STM32F407 VBUS sensing detection

  • February 24, 2025
  • 1 reply
  • 999 views

I am developing a device that implements the USB device class.

According to application note AN4879 "Introduction to USB Hardware and PCB Design Considerations Using STM32 Microcontrollers" it is written as follows:

Based on the USB specification, a USB device must use VBUS sensing detection. When the device detects the host presence, it connects its pull-up resistor to either a D+ or D- data signal. This allows the host to detect the device presence on the bus. There are two cases:

• The USB device is bus-powered. VBUS sensing is not mandatory (USB is always connected when the device is powered)

• The device is self-powered. VBUS sensing is mandatory. Pin PA9, a five volt-tolerant pin, which includes an additional function natively dedicated to VBUS sensing.

I have an option when the device is self-powered. Therefore, VBUS sensing is mandatory.

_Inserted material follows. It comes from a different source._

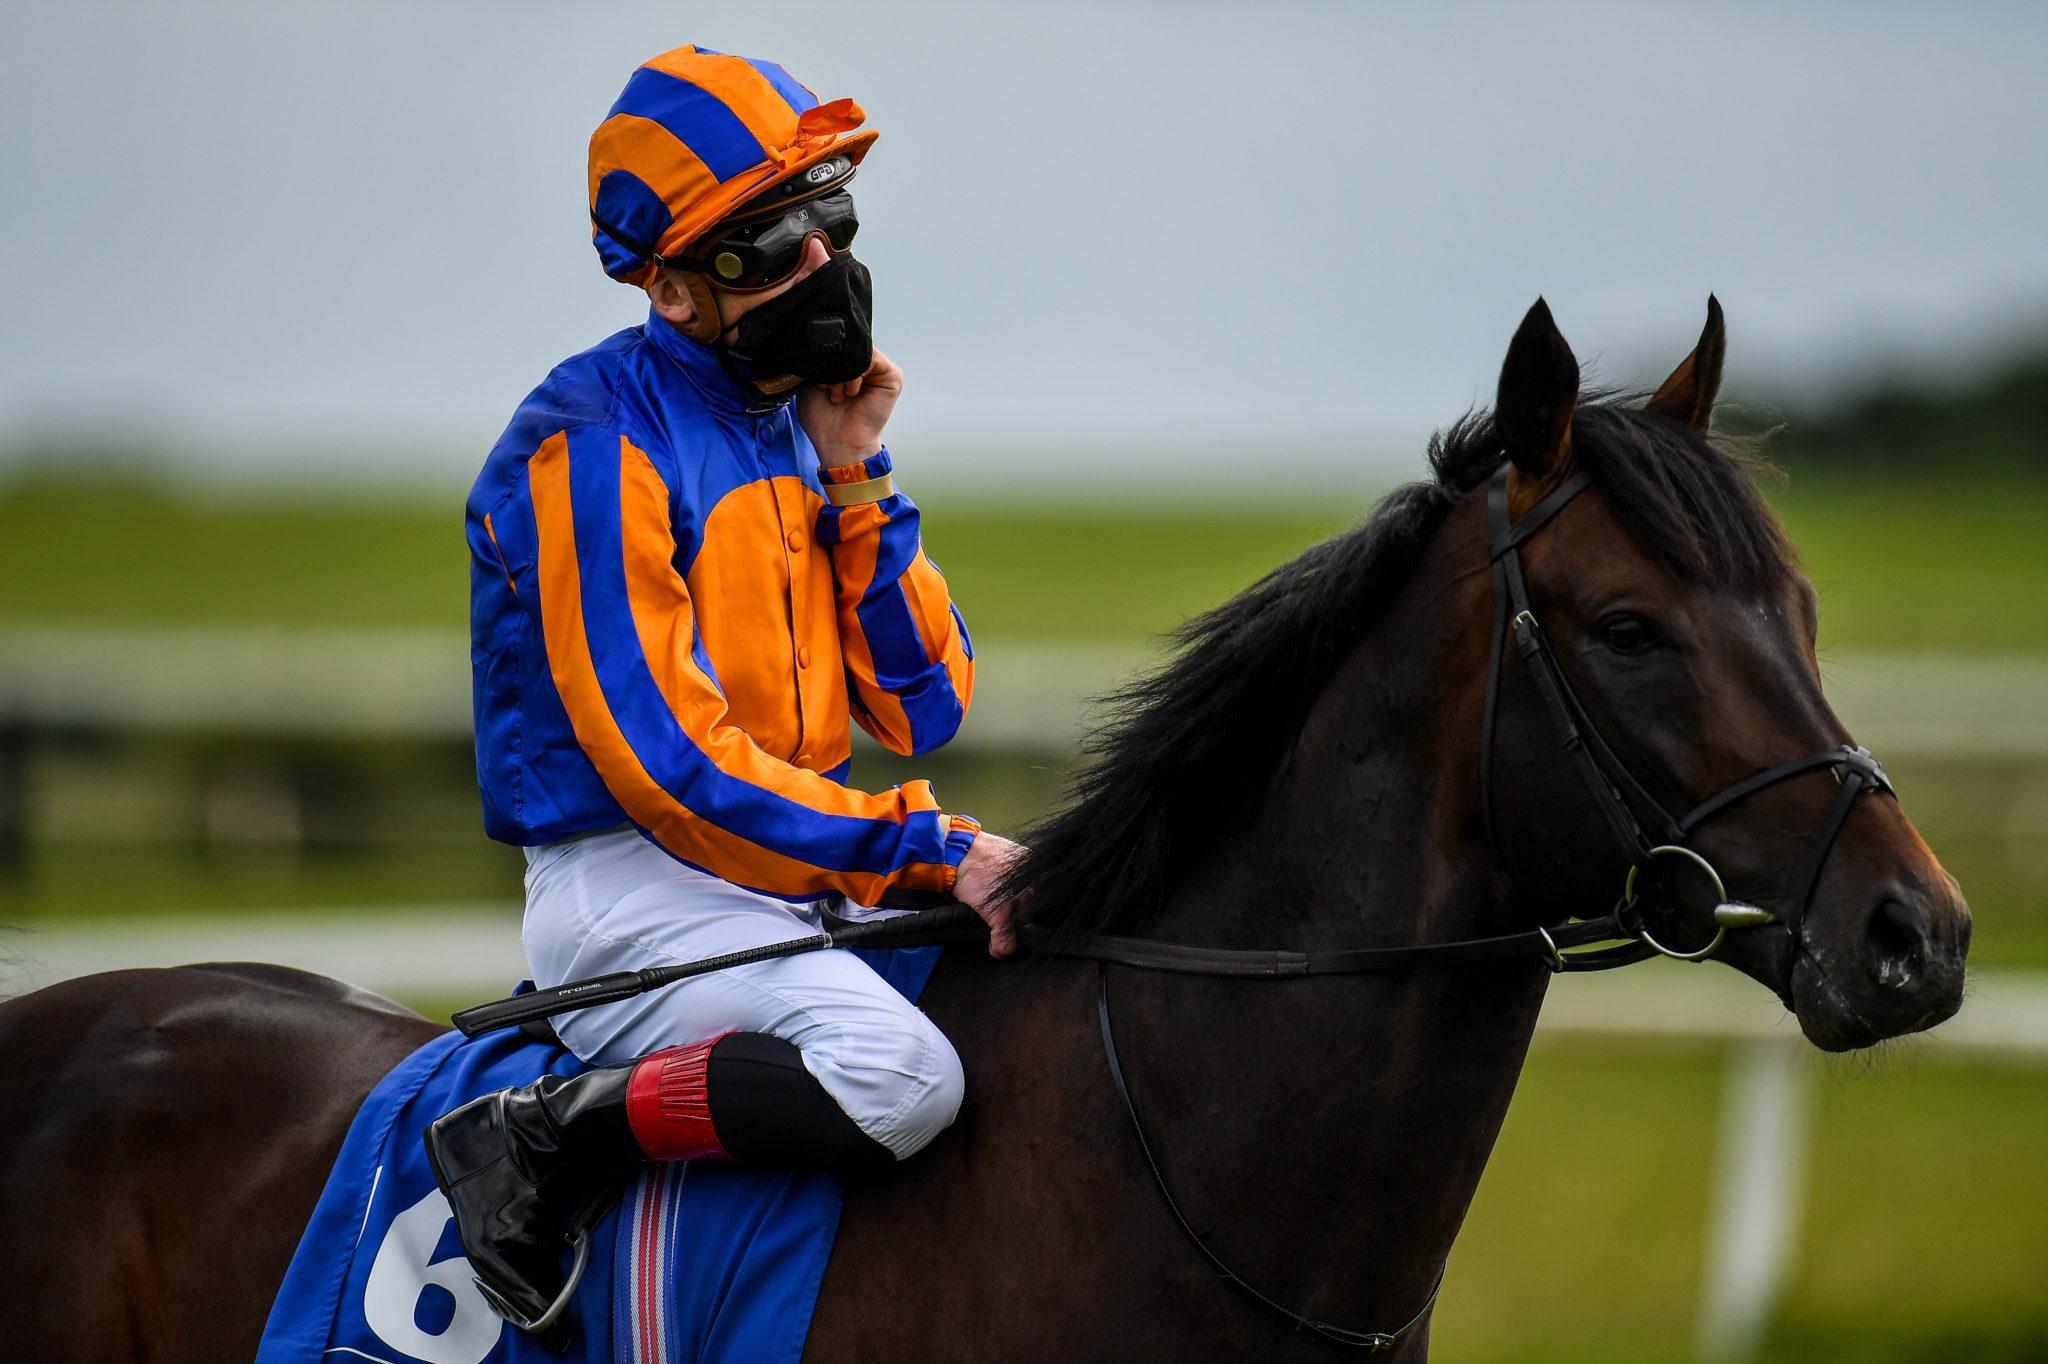 Gavin Ryan winning at the Curragh

It is also written that the user must avoid the situation when the MCU is not powered, and a 5 V VBUS is connected to PA9.

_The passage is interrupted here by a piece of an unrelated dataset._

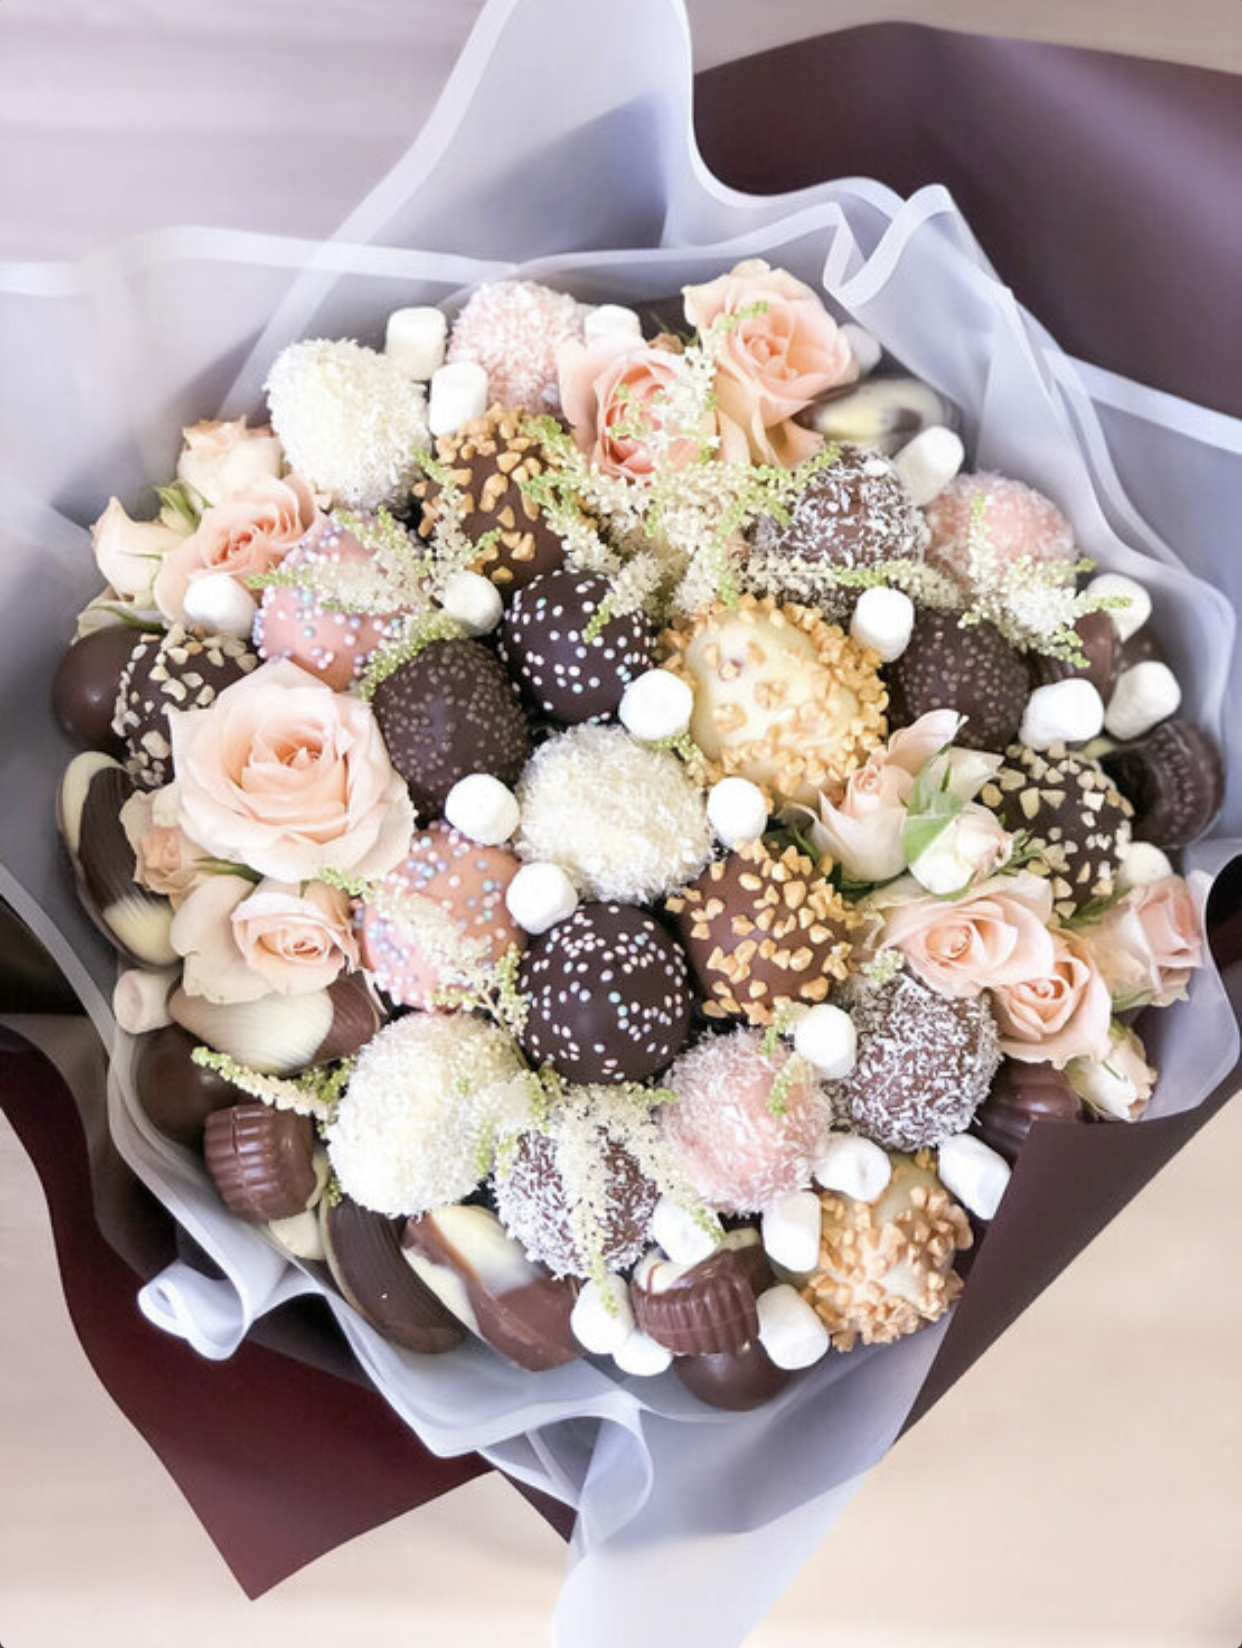 Клубника в шоколаде с цветами и конфетами

The absolute maximum ratings table of the datasheet indicates that the five volt-tolerant pin voltage cannot exceed VDD + 4 V. The user must avoid the situation when the MCU is not powered, and a 5 V VBUS is connected to PA9: this violates the condition on absolute maximum ratings, and can result in permanent damage to the device. For this purpose, it is mandatory to reduce the voltage on PA9 below 4 V. For a reliable and safe VBUS detection, the use of a voltage divider is recommended to guarantee absolute maximum ratings.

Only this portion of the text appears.